What I am saying is that passive index investors would have bought banana shares at 120k, because that's where the market was.
Index investing, passive investing and market cap weighted indexing are all synonyms. I like to call it Cap Weight, as the strategy is essentially a factor strategy just like hundreds of other factors. It’s a factor, and it’s a story.
A good story becomes a narrative, and then narratives drive flows, and flows drive performance.
The story behind Cap Weight was phenomenal. It put Wall Street fees on one side, and trading efficiency on the other. Let’s go back to the early days of Vanguard: when a mutual fund made a trade they had to pay high brokerage commissions on each trade, not to mention spillage on executions that put money into the pockets of human market makers on exchanges. Cap Weight optimized trading and kept those costs down.

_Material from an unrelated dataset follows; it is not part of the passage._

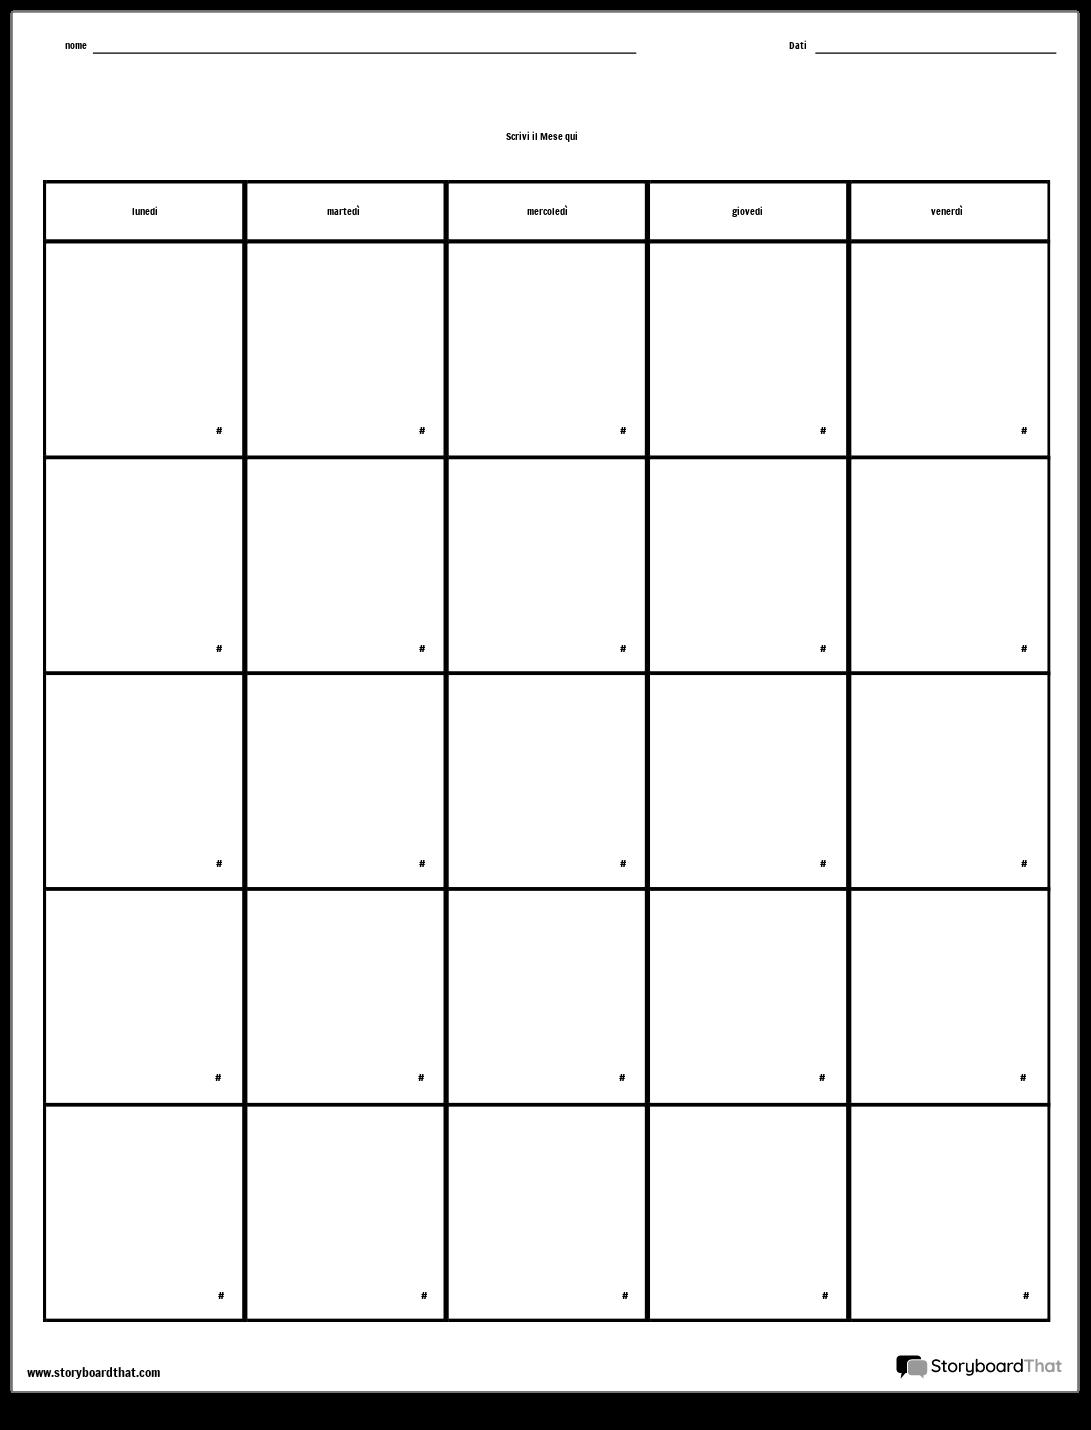 Calendario Giorno.Calendario Giorno Della Settimana Storyboard

Things have changed. Those internal fund trading costs are de minimis now. And the spread between active and passive fund fees was also a lot higher than it is today - that gap is rapidly closing.
But the story was still great. It is still great. Although the story has changed. The story today is more about performance.
Narratives did drive flows, and flows did drive performance, and the Cap Weight performance has been phenomenal.
But not quite as phenomenal as it could be.
Let’s revisit the meme stocks, shall we? I think it’s worth revisiting. Remember those congressional hearings? Everyone was apoplectic, everyone wanted to point the finger, and nobody knew who to point the finger at. Good times!
You can believe in the tooth fairy and the power of the Reddit investor if you want to. You can believe in a confused morality tale where greed is sin if you’re successful, and greed is a virtue if you’re not. Where the stock pumps are spontaneous, organic and grass roots. But it’s all horseshit.
Let’s stay in the real world. In the real world it takes deep pockets and deep sophistication to gamma-squeeze a stock. And, it takes deep pockets and the opposite of sophistication to provide exit liquidity for those gamma-squeezers.
So who provided exit liquidity? You guessed it. Index investors did, and they haven’t lodged a single complaint about it either. The perfect bagholder. The willing bagholder. They’ll buy your banana for 120k and they’ll buy your gamma-squeezed GME stock at whatever price it gets pumped up to, and they won’t say a single word about it.
As market structure games rather than underlying company performance continue to rule markets, it is becoming more and more important to understand these games. Over the past week GME has round-tripped from $20 to $65 and back to $20. And again, if you think this was the result of individual investor sentiment I’d love an explanation about how that reconciles with the actual trading activity in the stock:
I’m going to bring this all back to REITs with an upcoming post about valuations for data center REITs. I’ve wanted to get that post out for a few weeks now. Wish I had more time to write. When you are running an asset manager these things become the stuff you get to do in between the regulatory and compliance busywork. But here is the key takeaway:
Any time an asset is over-bid, market cap weighted index investors are the ones buying high to the last tick. That’s how the strategy works. So when data center REITs become overbid thanks to narrative and momentum, it is market cap weighted investors holding the bag. It is market cap weighted investors oblivious to capex costs and technology obsolescence and punishing competition and any other harbinger.
As the saying goes, if you can’t spot the sucker at the table, you’re it. And index investors can’t spot anything other than the expense ratio.